Conditionally run health checks on jitted JAX arrays and dask arrays #225

Closed
@crusaderky

Description

@crusaderky

I've found cases of functions in scipy, e.g.

https://github.com/scipy/scipy/blob/4758525cae48f9cfb6971be6702fbb412e783aa5/scipy/cluster/vq.py#L332-L334

that crash on the very first few lines with JAX when they're inside @jax.jit:

>>> import jax
>>> import jax.numpy as xp
>>> from scipy.cluster.vq import kmeans
>>> a = xp.asarray([[1.,2.],[3.,4.]])
>>> jax.jit(kmeans)(a, 2)

TracerBoolConversionError: Attempted boolean conversion of traced array with shape bool[].
The error occurred while tracing the function kmeans at /home/crusaderky/github/scipy/build-install/lib/python3.12/site-packages/scipy/cluster/vq.py:332 for jit.
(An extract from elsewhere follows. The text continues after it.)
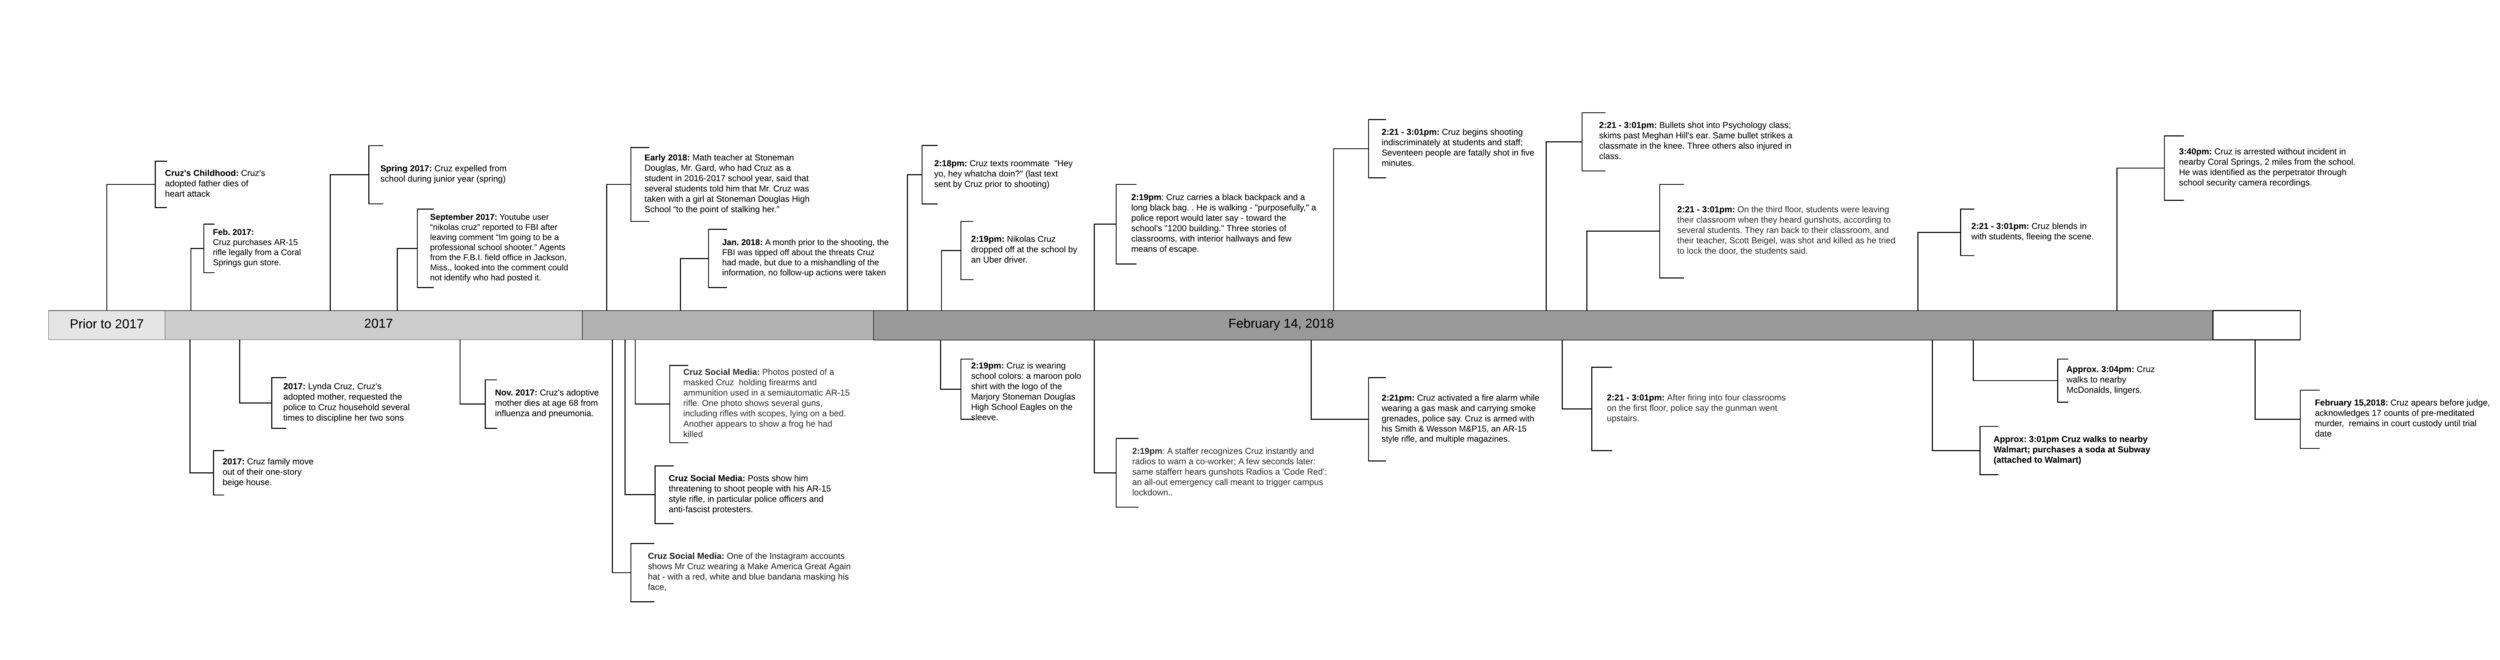 Stoneman Douglas Shooting Timeline , 2019, Johns Hopkins University.  Click image to enlarge.
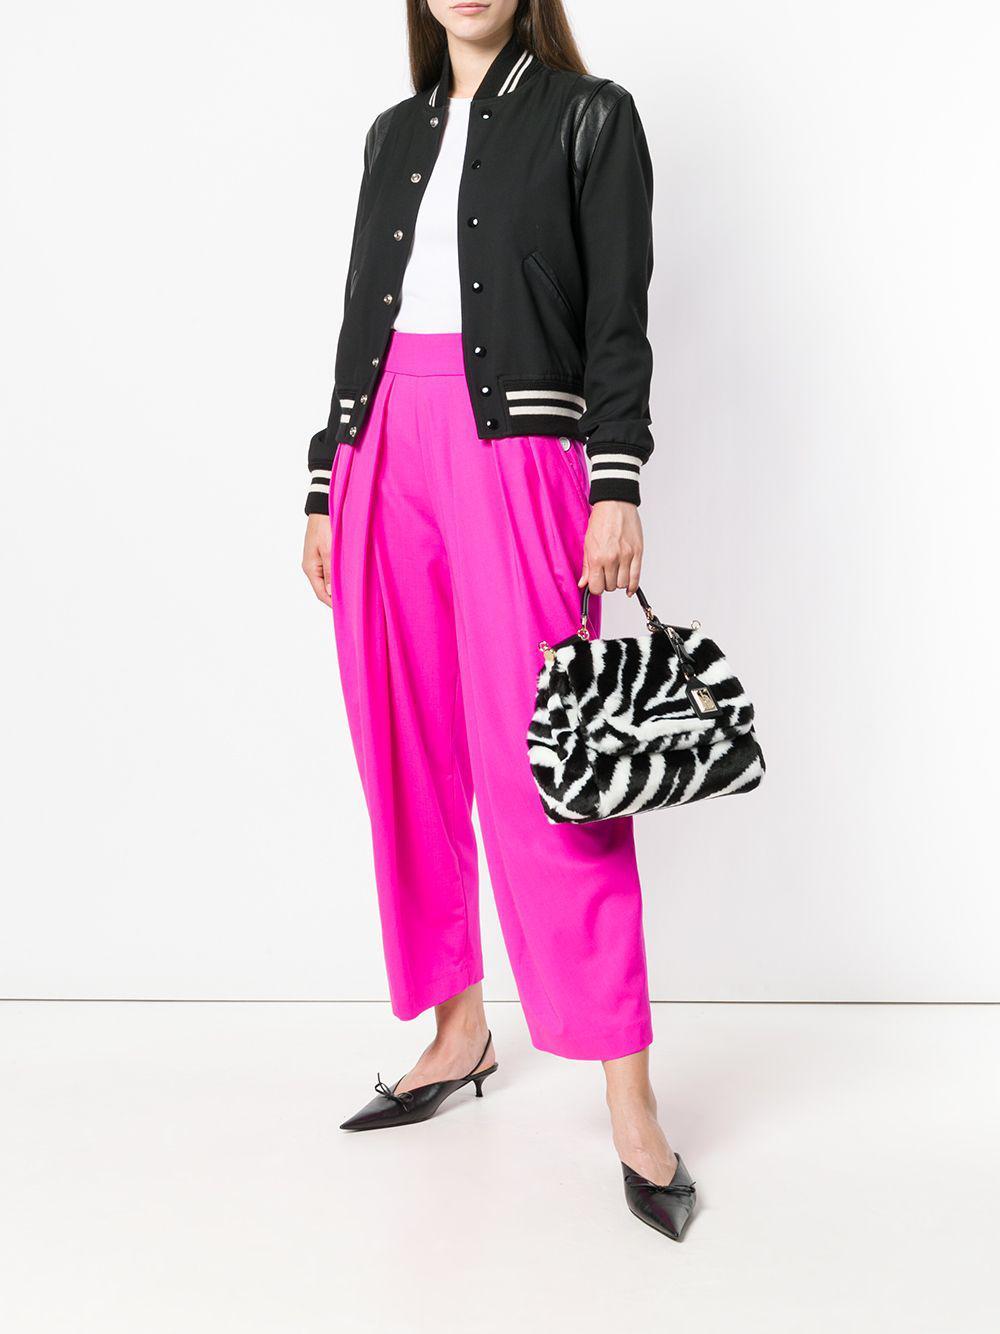 bc0740746c8c Dolce   Gabbana - Black Zebra Print Sicily Bag - Lyst. View fullscreen

This concrete value was not available in Python because it depends on the value of the argument obs.
See https://jax.readthedocs.io/en/latest/errors.html#jax.errors.TracerBoolConversionError

The issue is that there is a health check enabled by default, check_finite=True, which triggers this code:

https://github.com/scipy/scipy/blob/4758525cae48f9cfb6971be6702fbb412e783aa5/scipy/_lib/_array_api.py#L104-L108

A JAX jitted array crashes on bool(); a dask array is quietly computed when you do so - which is possibly even worse.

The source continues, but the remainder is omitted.